YOUR ASSIGNMENT
Leave out the pictures and retype, exactly, the lines below from the line with "Dokumente der Sozialistischen" up to and including the line with "Princess Cut Diamond", nothing more.

GIVEN INFORMATION
_ _ _

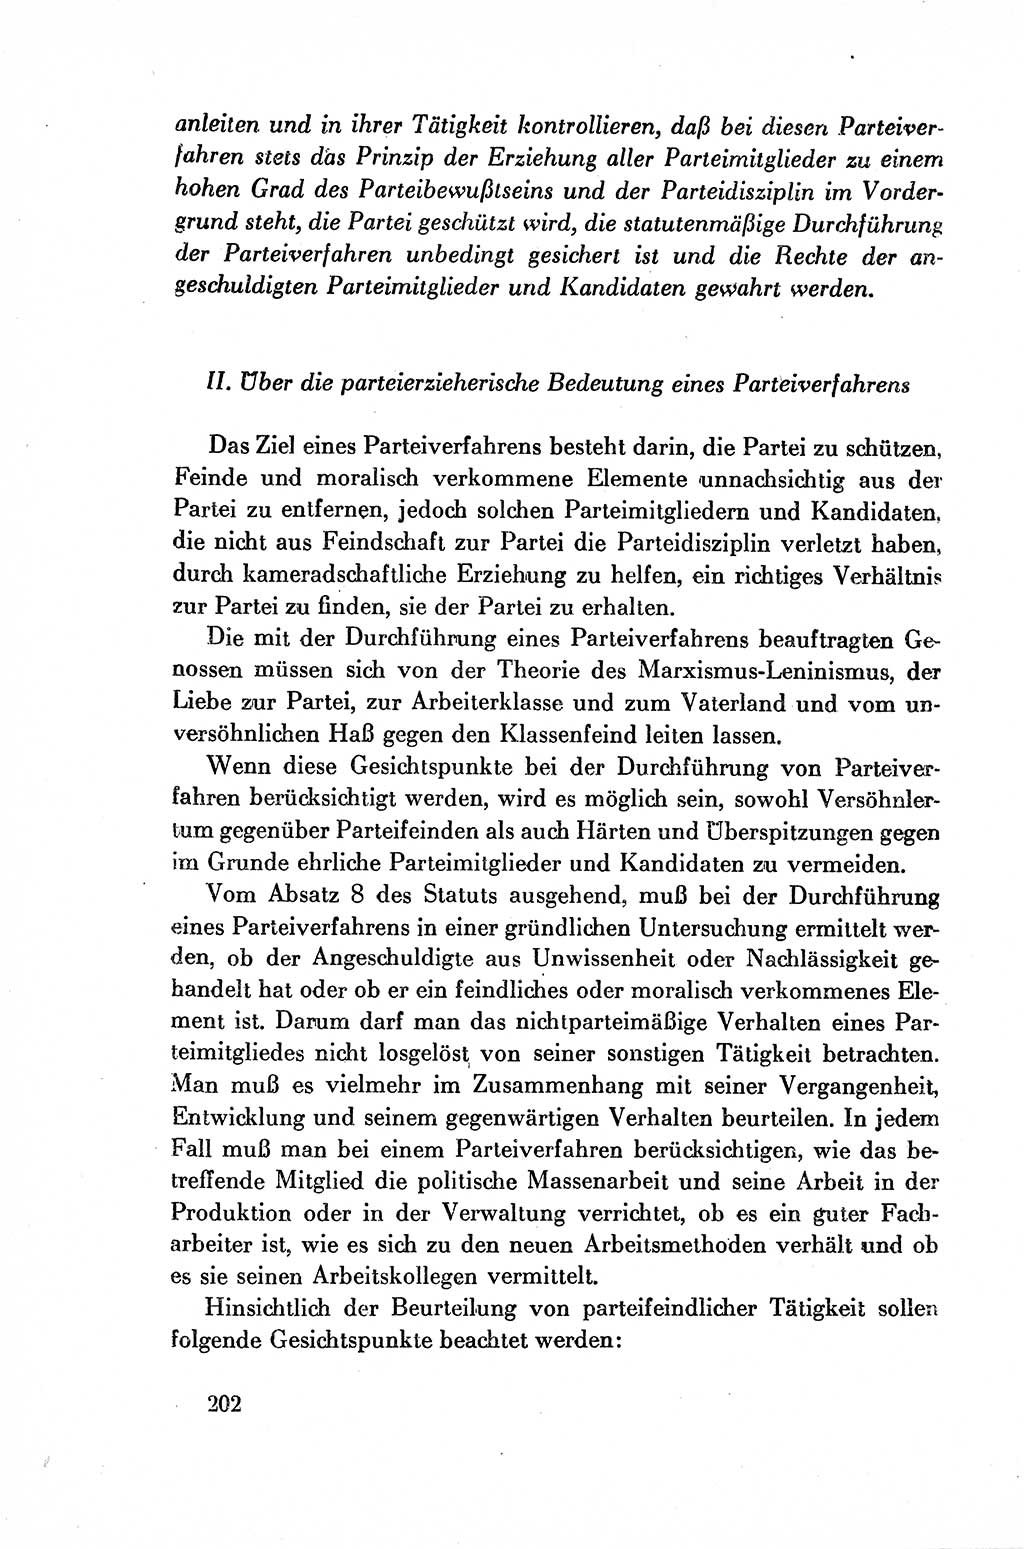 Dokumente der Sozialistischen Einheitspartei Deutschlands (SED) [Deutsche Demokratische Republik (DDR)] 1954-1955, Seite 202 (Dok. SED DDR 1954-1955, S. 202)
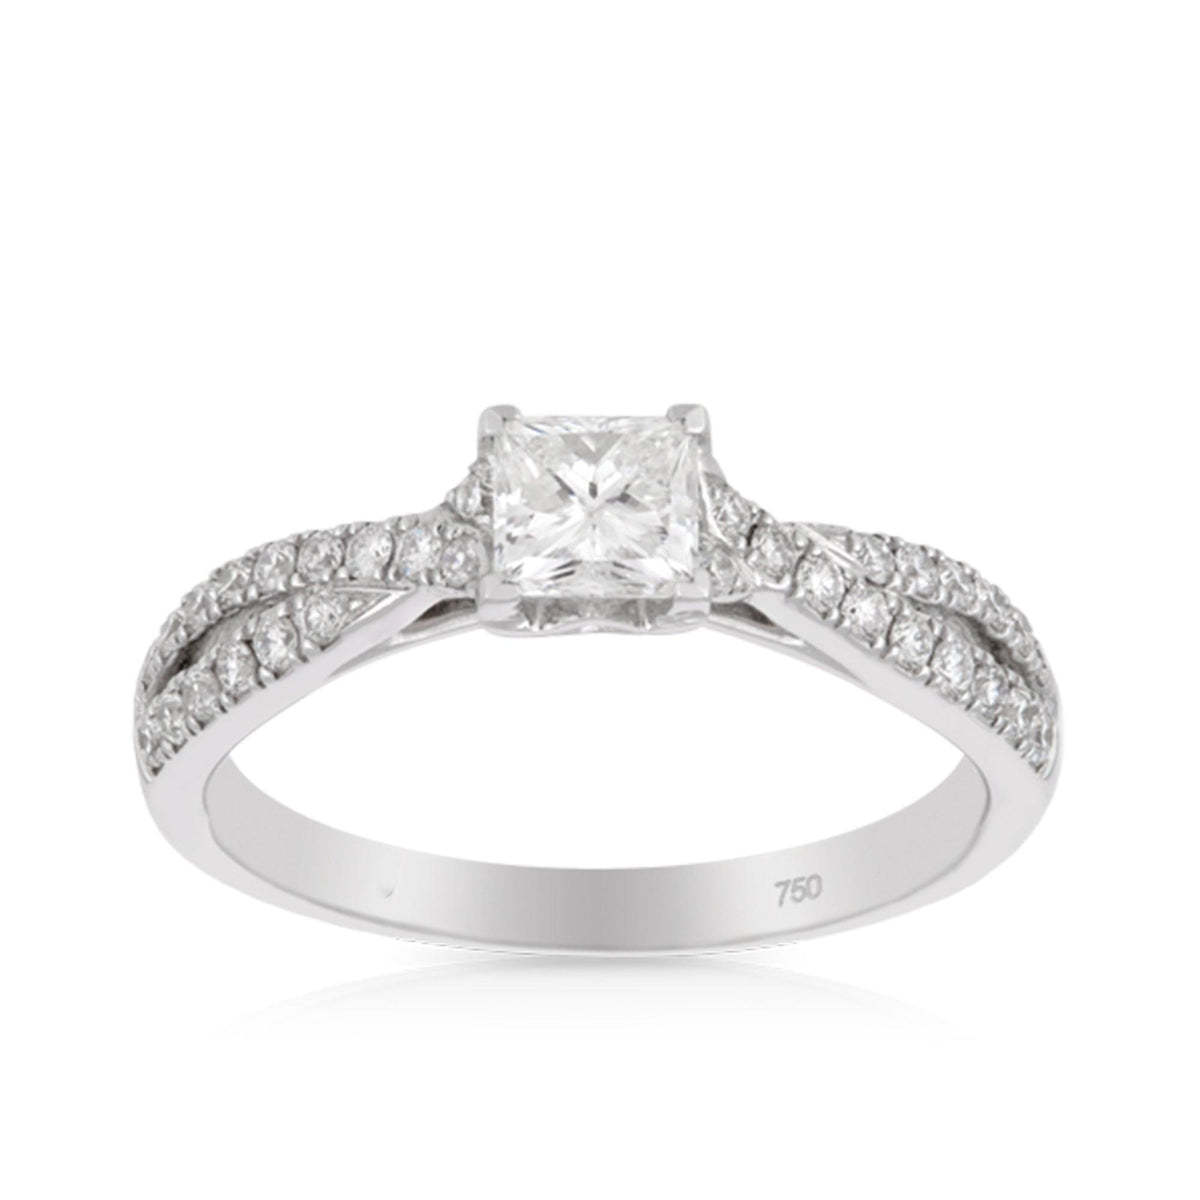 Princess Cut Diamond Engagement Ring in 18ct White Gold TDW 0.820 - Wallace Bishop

_ _ _

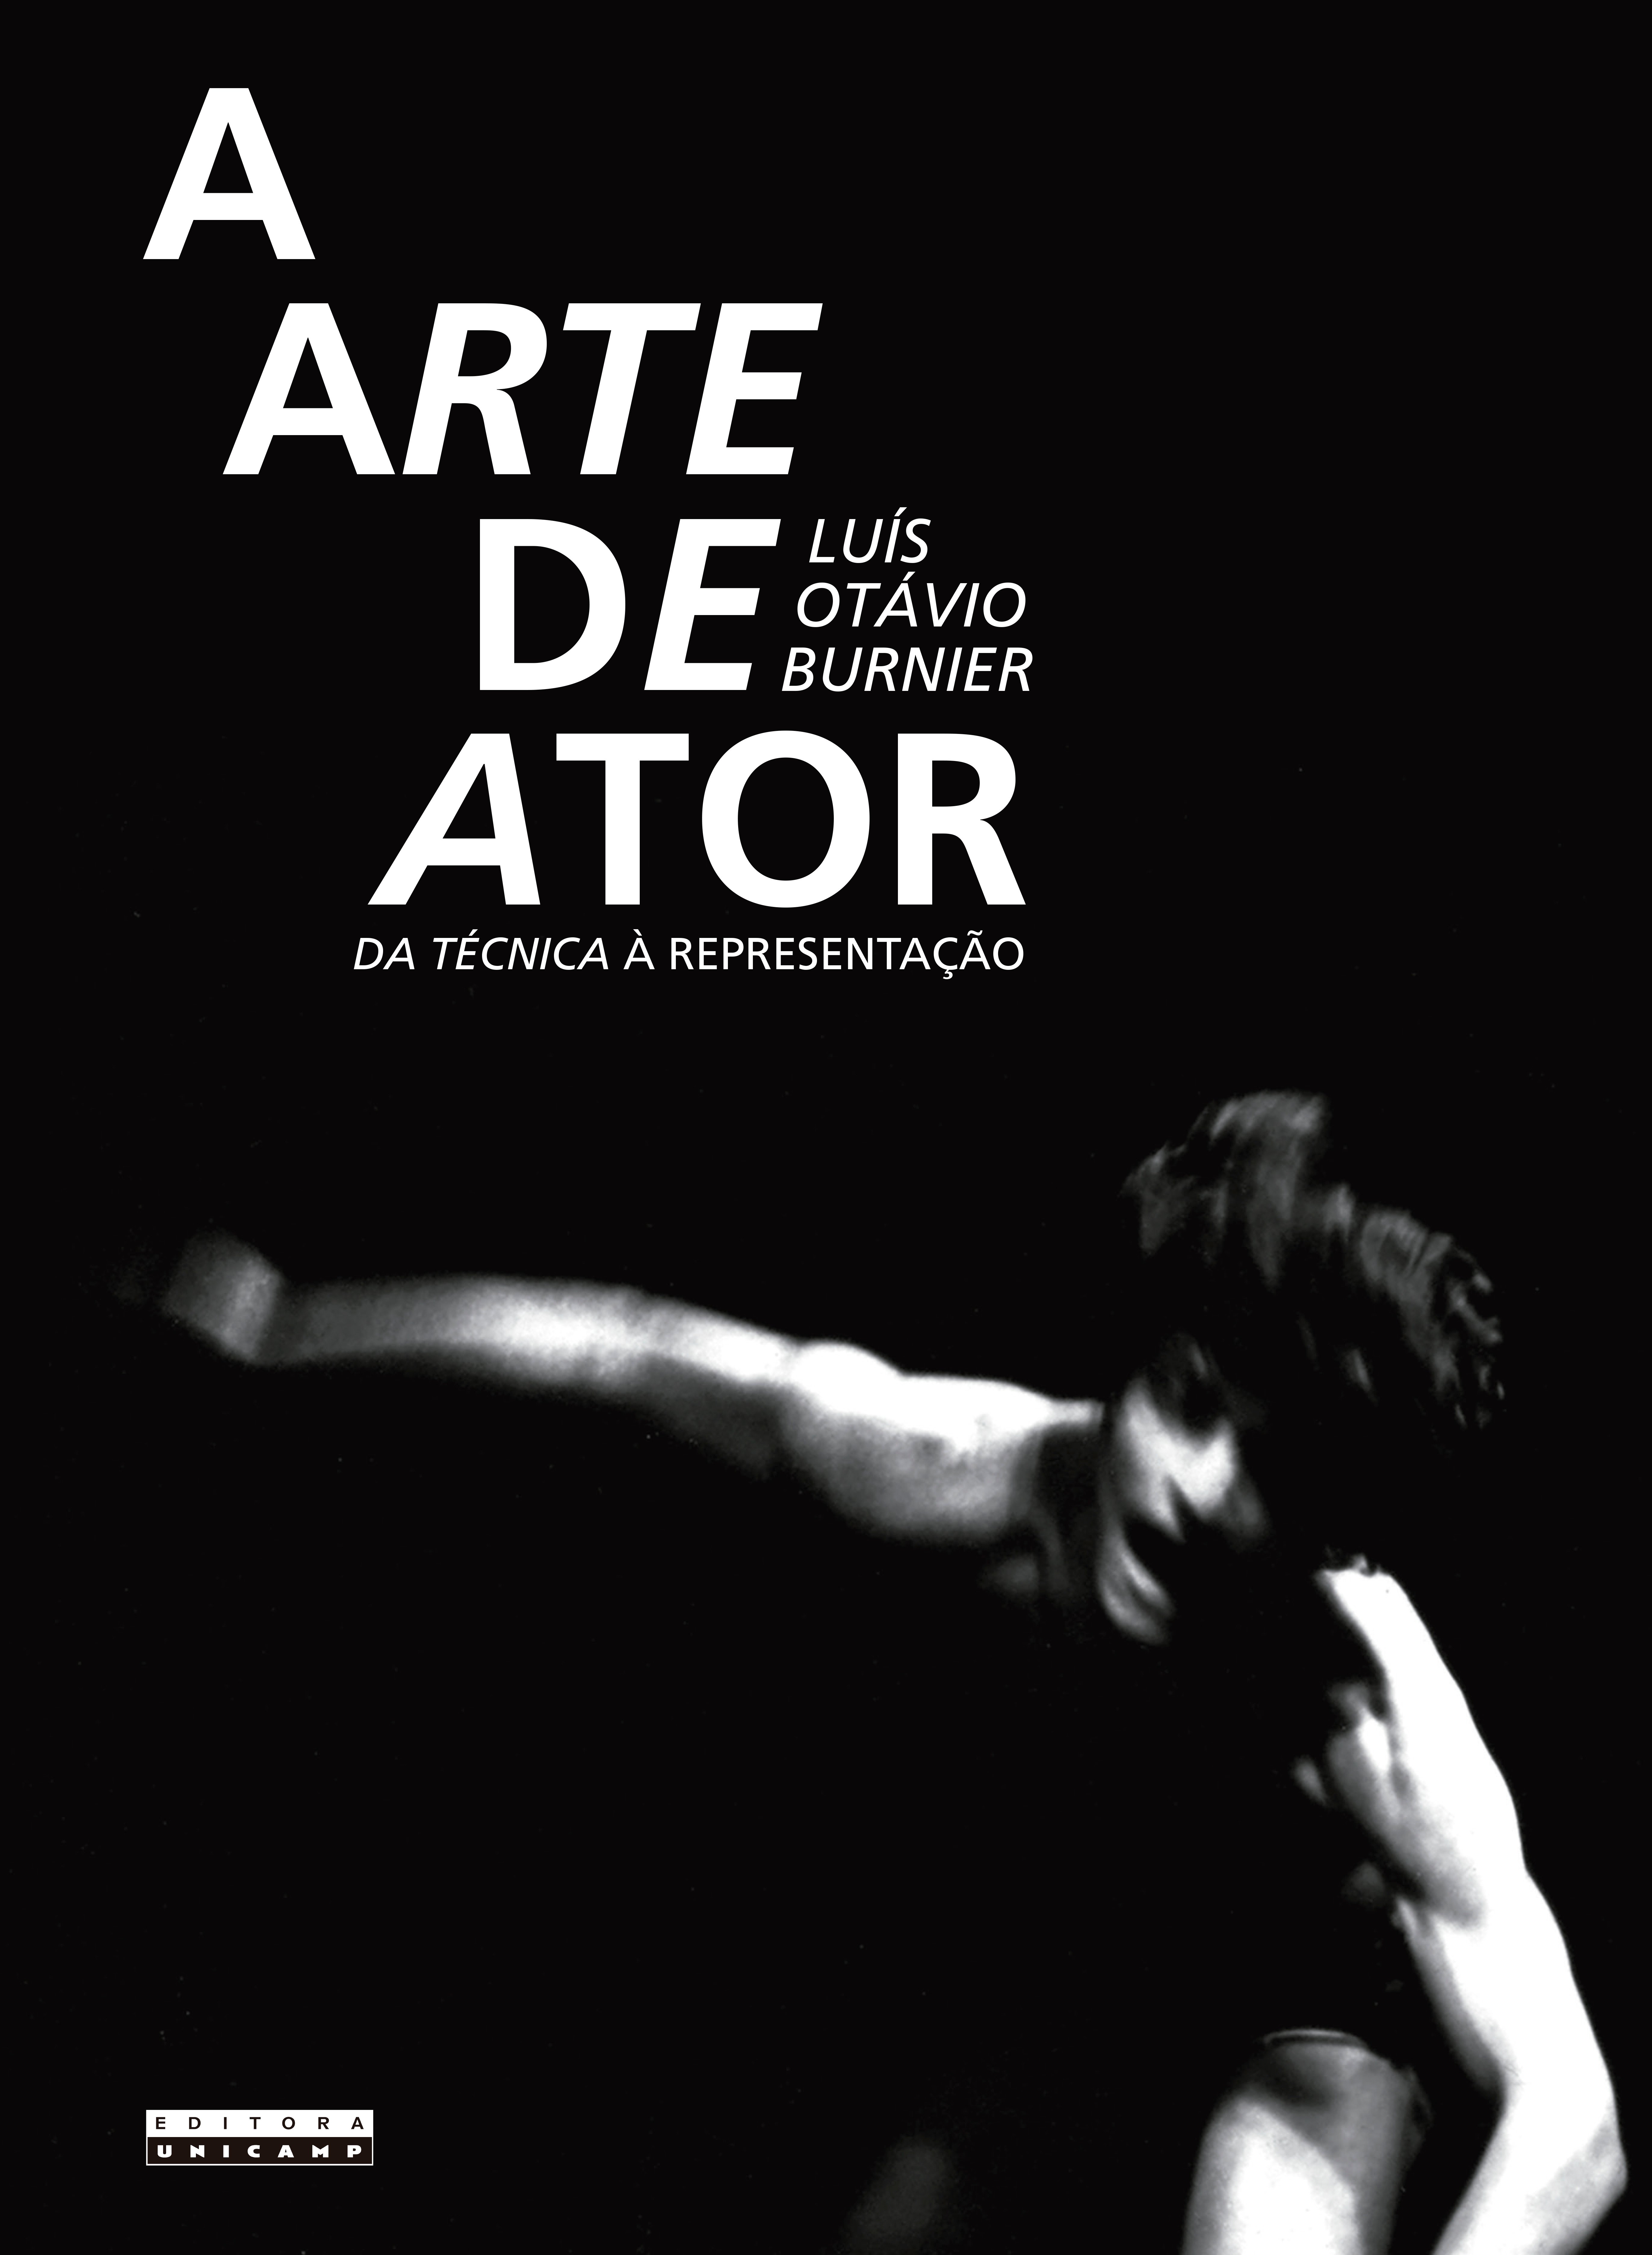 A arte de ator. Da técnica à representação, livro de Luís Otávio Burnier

_ _ _

RESPONSE BOX
 Dokumente der Sozialistischen Einheitspartei Deutschlands (SED) [Deutsche Demokratische Republik (DDR)] 1954-1955, Seite 202 (Dok. SED DDR 1954-1955, S. 202)
 Princess Cut Diamond Engagement Ring in 18ct White Gold TDW 0.820 - Wallace Bishop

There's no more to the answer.